Electron Microscopy file format notes

From Helpful
Revision as of 10:01, 4 July 2024 by Helpful (talk | contribs) (→‎STAR and CIF files)
(diff) ← Older revision | Latest revision (diff) | Newer revision → (diff)
Jump to navigation Jump to search

MRC files

MRC as in the image format used in crystallography, EM, and such.


General structure:

  • a 1024-byte header
    • 224 bytes in variables
    • 800 bytes in ten 80-byte labels (how many are used is set by one of the variables, though in most cases unused labels are zeroed out, so you can also just look at the contents)
  • optional additional header section(s). Size and presence is implied in the 1024-byte fixed header.
The format of this header varies with the exact variant
  • data for image(s)
uncompressed array
endianness, pixel format, size, and row/column ordering is determined from the header


Note:

  • The bare minimum is basically the first four fields: dimensions in X, Y, Z, and the MODE (pixel data type).
  • There is a (recentish) convention in that if the file extension is mrcs, this is a stack rather than a volume (when NZ>1)



It's hard to make a reader that takes even all the well-specified variants without some external knowledge. It's impossible to include everyone's conventions over the years.

So it's impossible to take out exactly what its original writer intended put in there. Within the same software package, sure. Within the same field, sort of. In general, good luck. This is why I have some choice words for this whole family of formats, because as a family, it hasn't really talked to each other for over thirty years.


On the other hand, most programs don't use most of the main header.
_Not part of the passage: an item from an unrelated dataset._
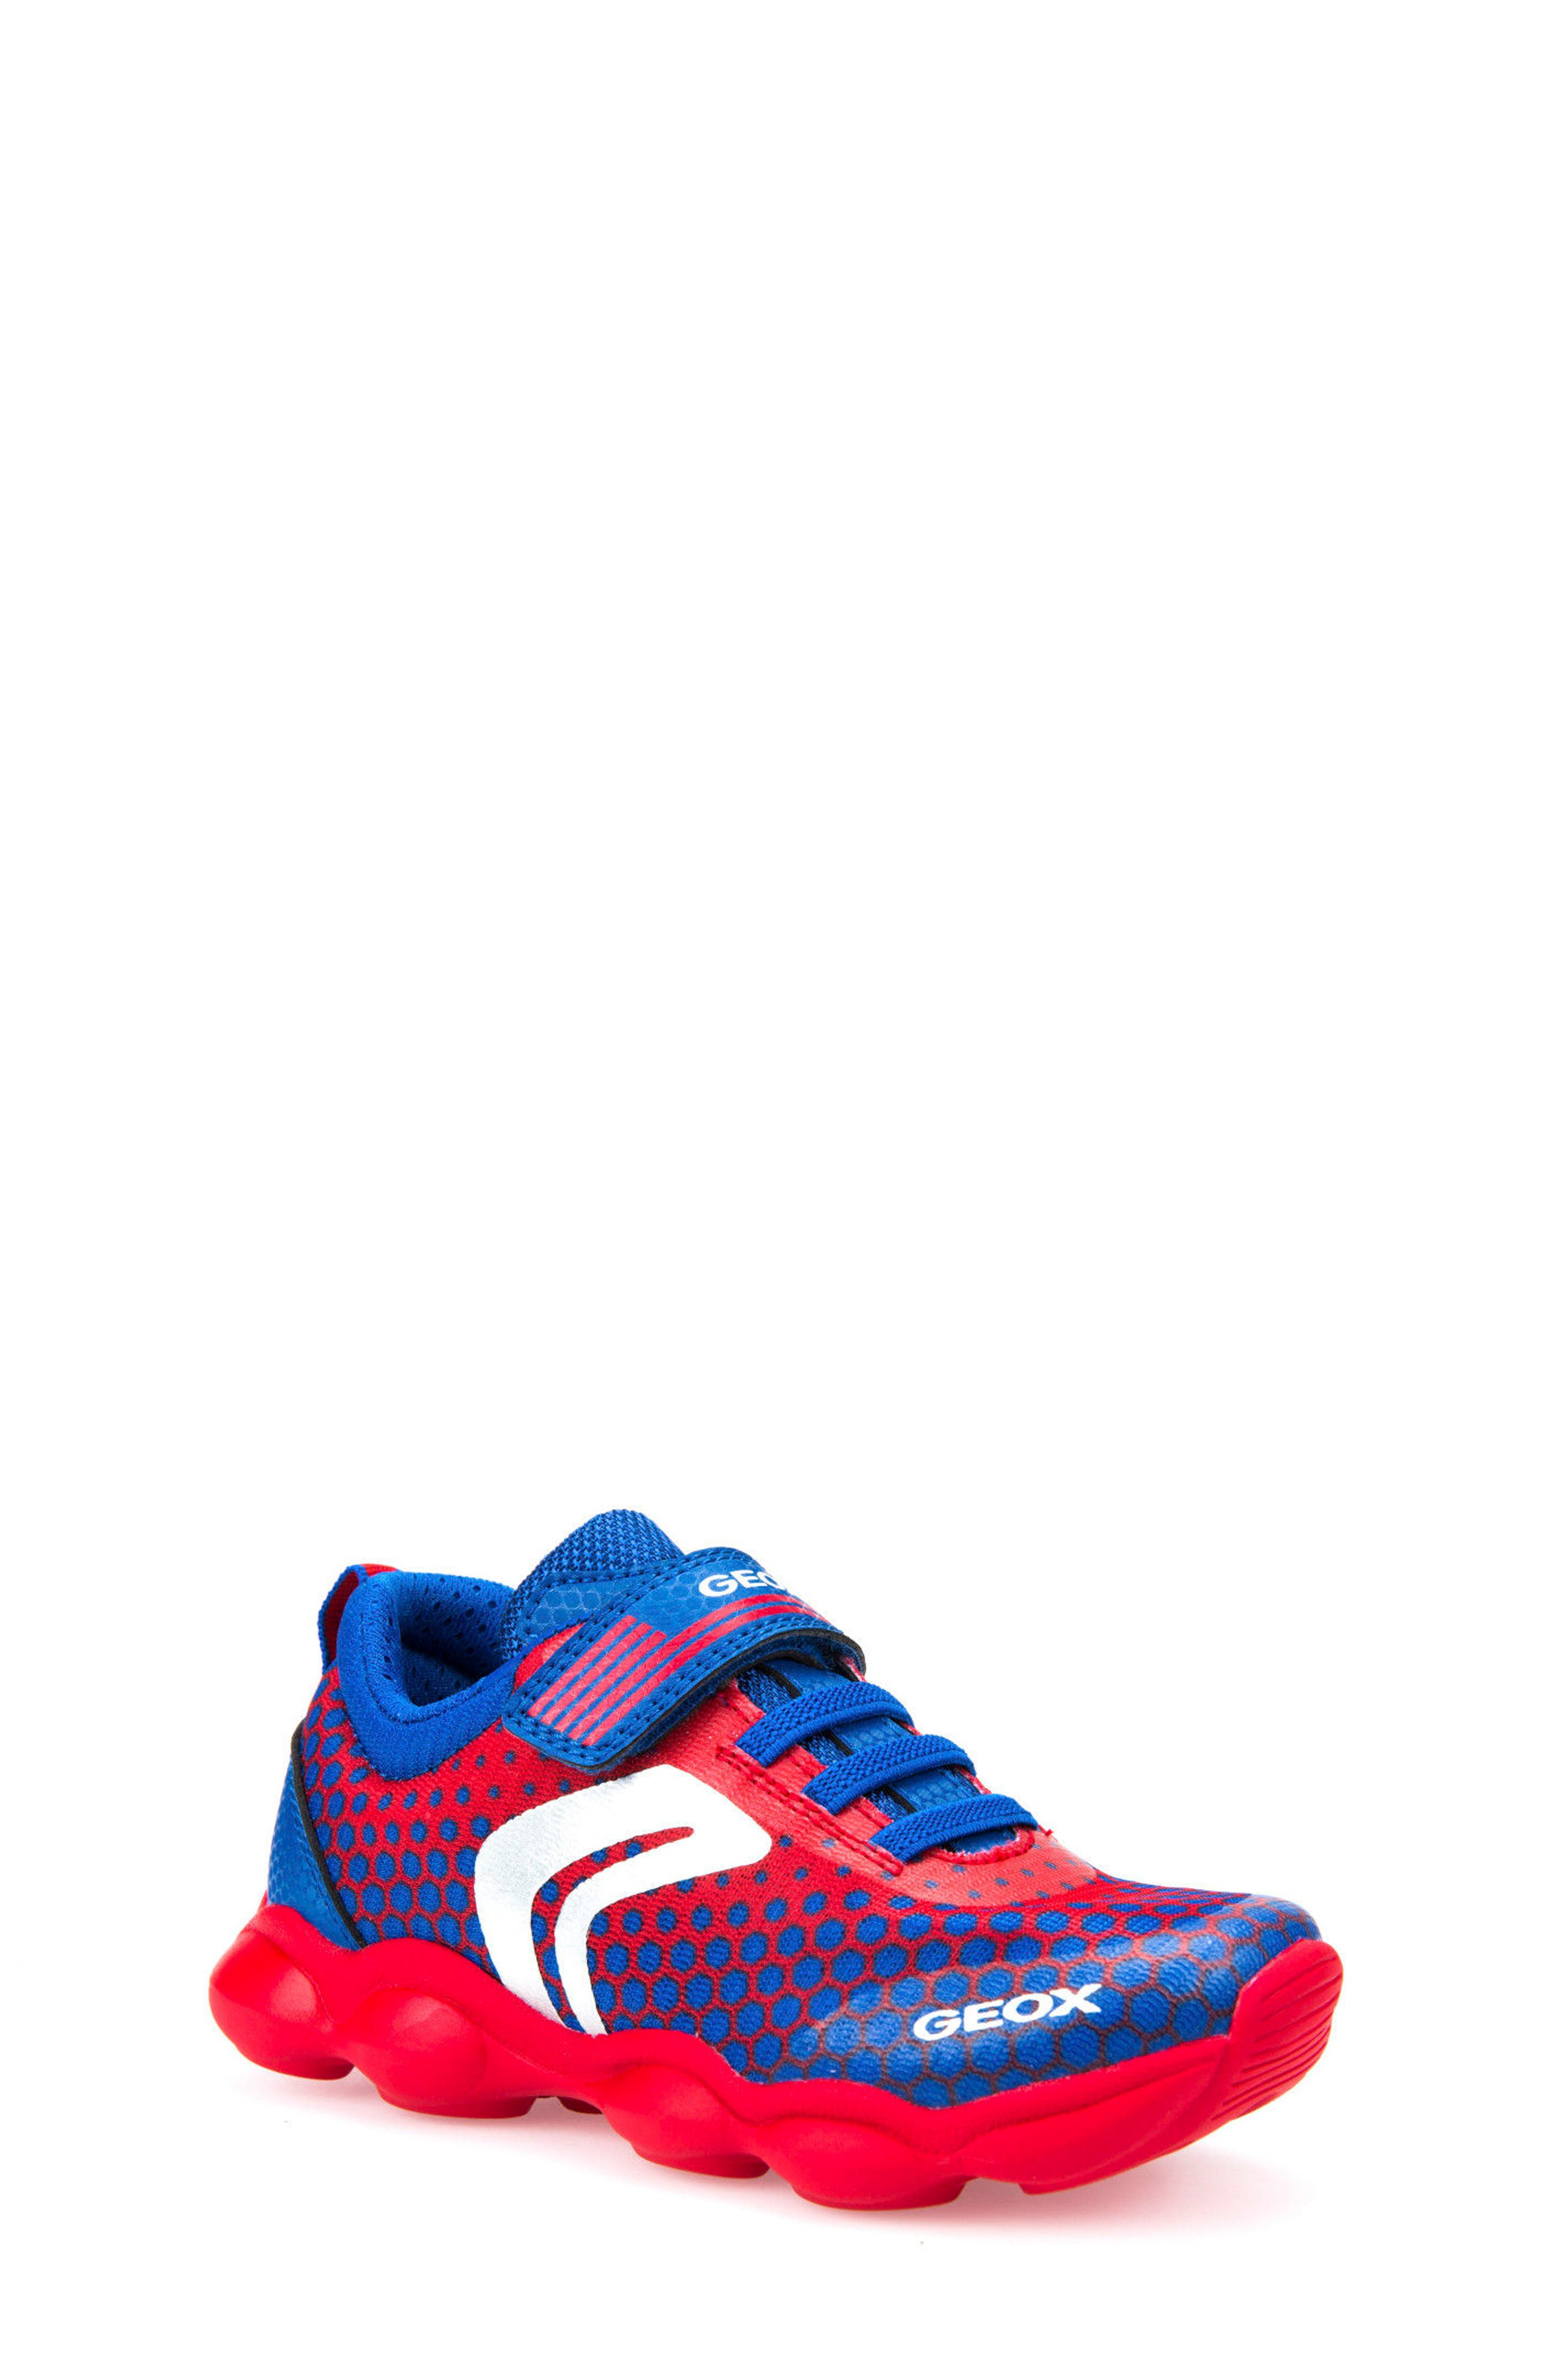 Alternate Image 1 Selected - Geox Munfrey Sneaker (Toddler, Little Kid, Big Kid)

If you use it as a dump-in-a-file format (Dimensions, pixel mode, data, implied endianness), that works pretty well.

And while the extended headers are varied, they are also your best hope for storing more interesting data in a structured way.


MRC main header variants

This article/section is a stub — some half-sorted notes, not necessarily checked, not necessarily correct. Feel free to ignore, or tell me about it.


MRC came from the MRC-LMB

The CCP4 used the format in a different way, so had its own conventions.

The two eventually merged into MRC2000 (around 1982(verify)) when agreements for compatibility were settled (verify)

(machine stamp settled somewhat later?)(verify).


MRC2000 seems to be the variant that most unnamed MRC variants tend to adhere to, unless you can detect it as a more specific format.

There's also naming confusion. For example, people also say CCP4, though may be conflating it with MRC2000 in uses where their difference in definitions (origin, skew transformation) do not conflict.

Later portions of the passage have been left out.